Par esprit de contradiction autant que par bravade il se trouva néanmoins quantité d’individus venant s’offrir comme sujets d’expérience.

Le sommeil s’obtenait avec eux environ une fois sur trois ; mais ce n’est point là une moyenne générale, car le fait de subir la fascination du merveilleux dénote quelque prédisposition spéciale.
Du reste, les phénomènes produits n’étaient que d’un très médiocre intérêt. Je recherchais la lucidité somnambulique, mais je n’obtenais guère qu’un état de torpeur, avec contractures et insensibilité.
Un de mes amis, habile à manier la suggestion, avait été plus heureux. Il fascinait très facilement l’un de ses canonniers et lui faisait exécuter les tours les plus surprenants.
Cela nous valu d’opérer un soir dans un salon, devant les invités d’un officier.
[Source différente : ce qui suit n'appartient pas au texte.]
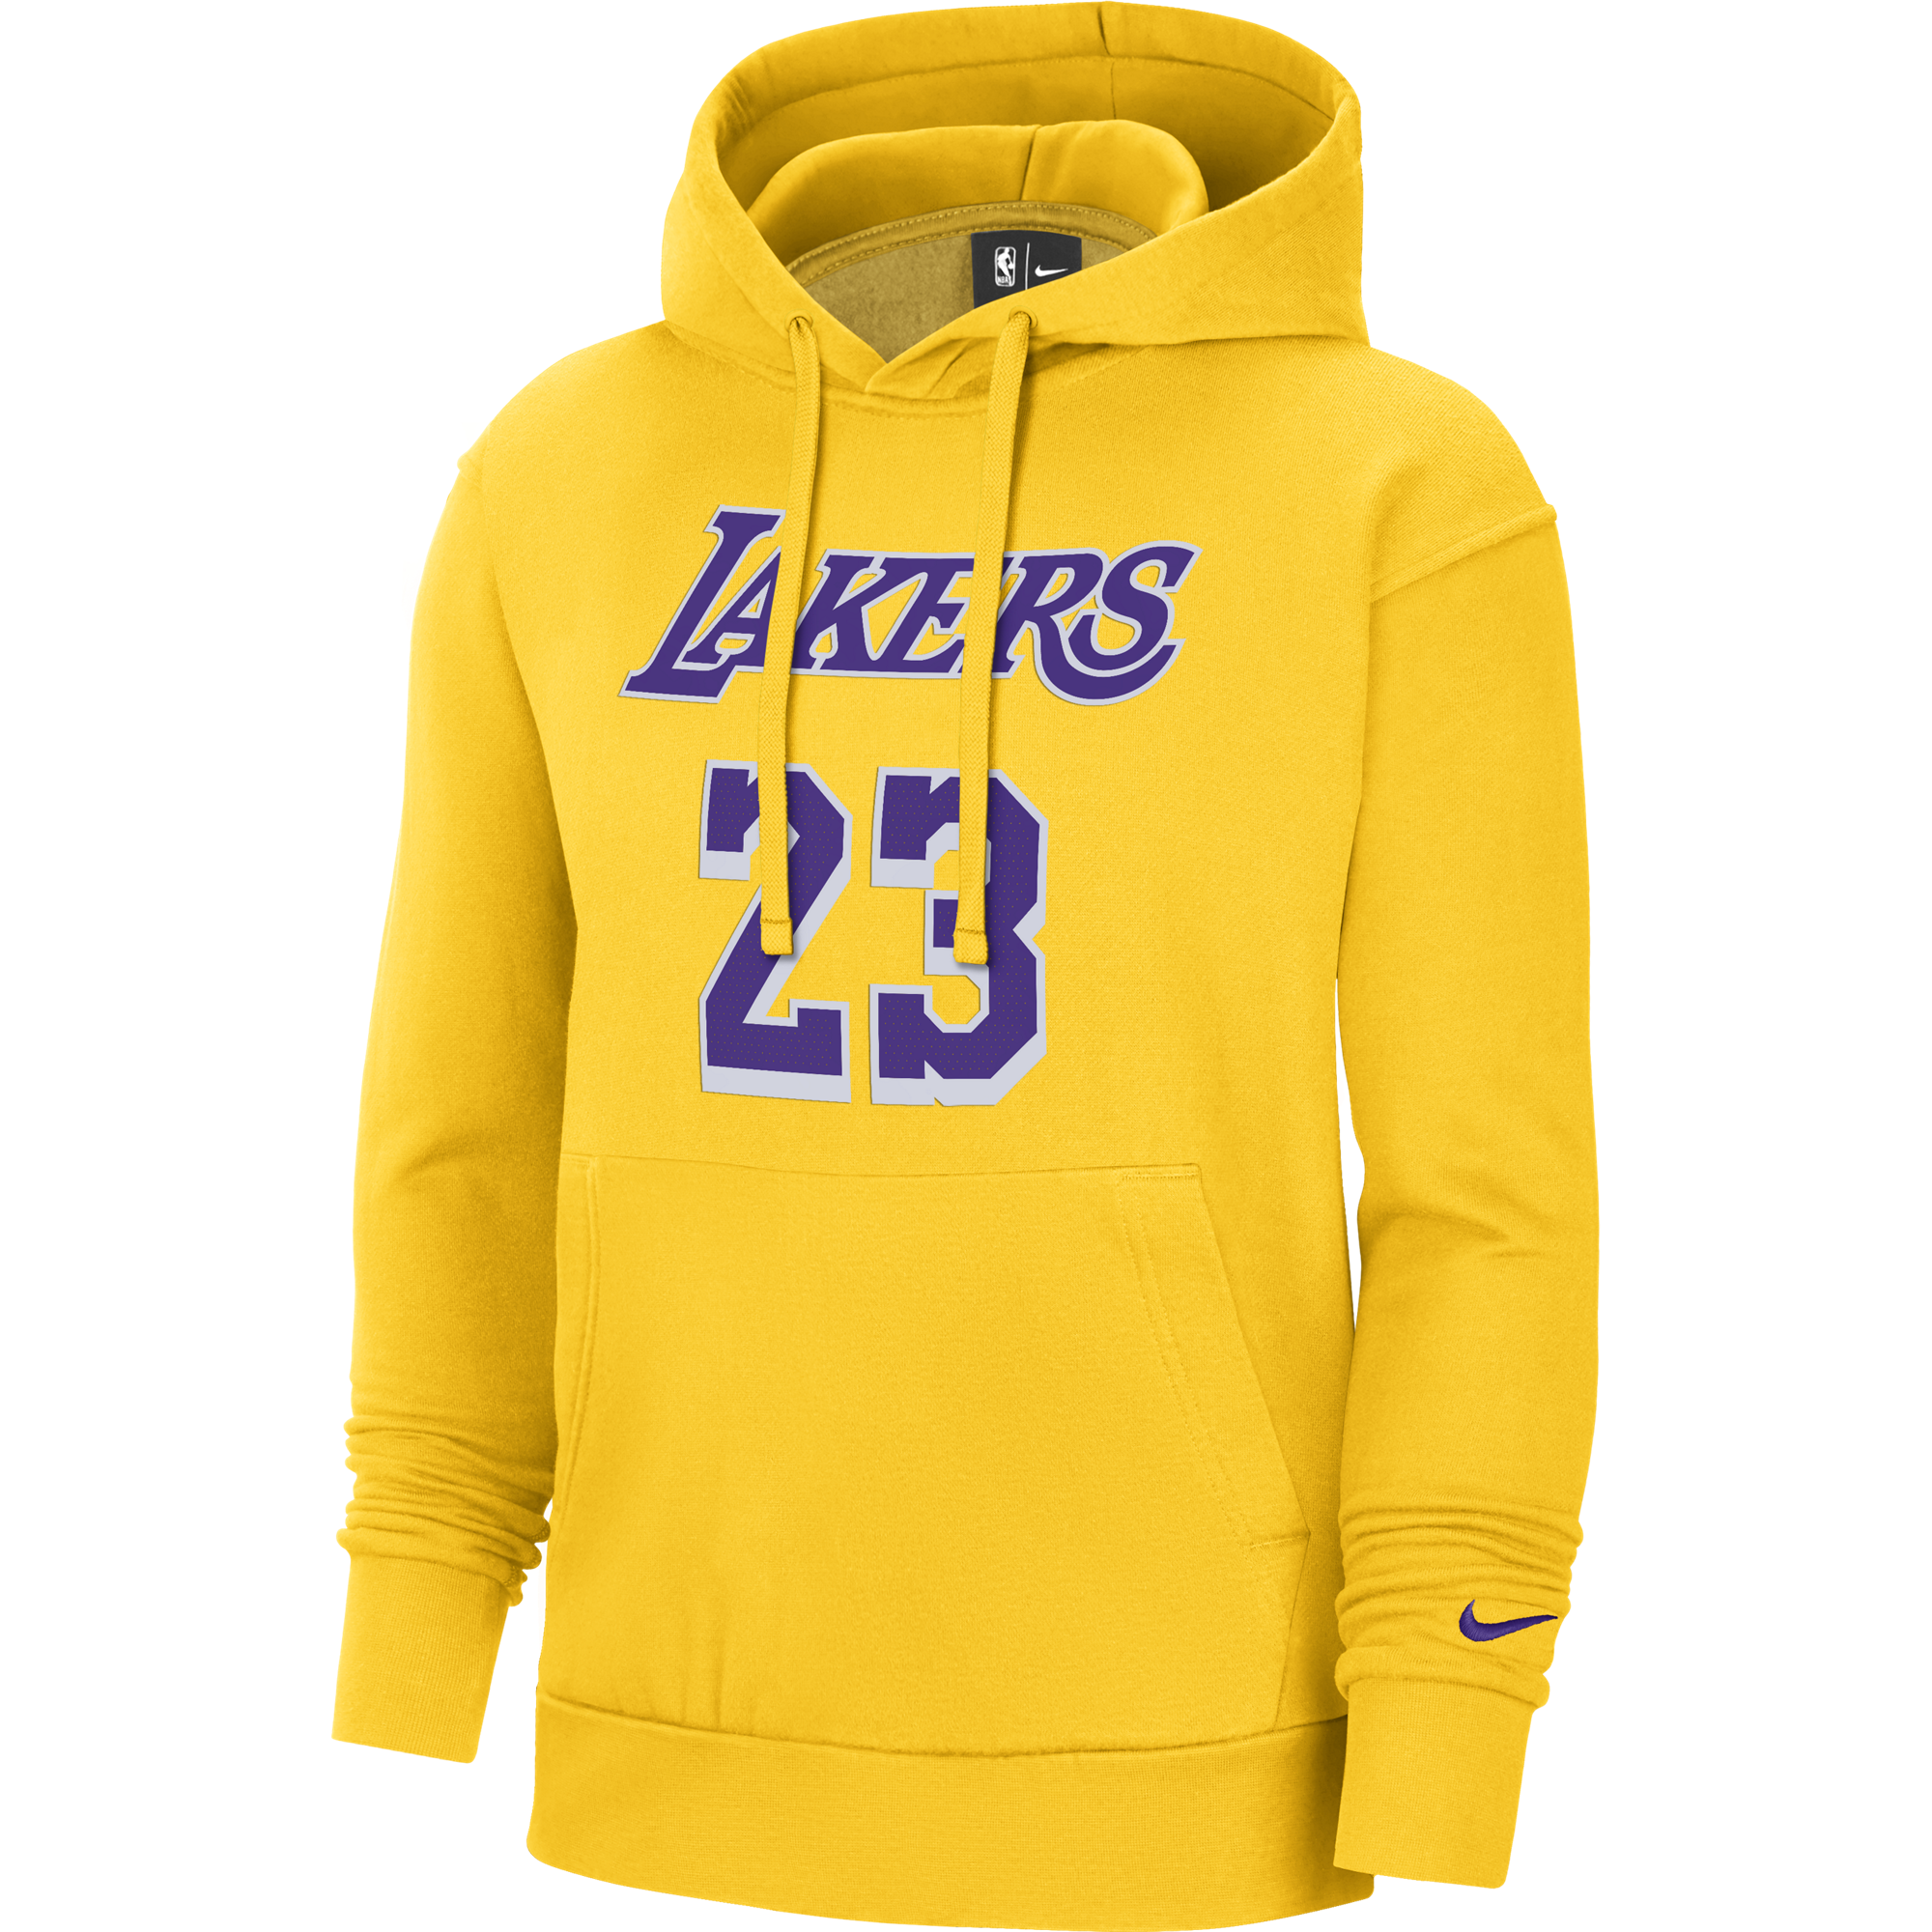 Los Angeles Lakers NBA sweatshirt - Tracksuits - CLOTHING - Woman

Des expériences fort habilement conduites eurent bientôt émerveillé l’assistance. un avocat au Conseil de guerre se fit alors l’écho de l’enthousiasme général. Mais son éloquence se montra par trop intarissable. Il fallut songer à réfréner son ardeur oratoire, et l’on ne trouva rien de mieux que de lui proposer de l’endormir.
Le beau parleur prétendit que cela ne serait pas possible et voulut le démontrer en laissant agir mon ami. On eut ainsi un moment de répit ; mais malgré les passes et les projections de fluide, l’avocat se maintint éveillé. Ce fut pour lui un triomphe, dont il abusa en reprenant ses tirades avec un redoublement de verve. Comment désormais l’arrêter ?
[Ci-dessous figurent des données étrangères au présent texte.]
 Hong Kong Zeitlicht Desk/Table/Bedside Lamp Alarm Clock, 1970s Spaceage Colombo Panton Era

Afin d’y réussir, j’offris, non pas de provoquer le sommeil – cela venait d’être reconnu impossible – mais de faire éprouver quelque effet indéniable de l’action magnétique, le sujet restant en plein état de conscience.
Cette façon d’entrer en matière présentait un double avantage : elle rassurait l’avocat, tout en ménageant son amour propre. C’est donc de fort bonne grâce qu’il se prêta à ce nouvel essai. Ayant établi le rapport par les mains, selon mon habitude, je fis quelques passes dans la région de l’épigastre. la poitrine me parut alors attractive : mes doigts se crispaient légèrement sur le trajet des voies respiratoires. C’était à mes yeux l’indice d’une irritation.

Dès qu’il eut entendu mon diagnostic, l’incorrigible orateur s’empressa de le confirmer en dissertant avec emphase sur la bronchite chronique dont il souffrait depuis de nombreuses années. C’était vraiment singulier que j’aie pu découvrir son mal ainsi, par un procédé d’auscultation qui touche au prodige ! Et le plaidoyer de reprendre de plus belle ! Obtenir le silence devenait désormais bien difficile.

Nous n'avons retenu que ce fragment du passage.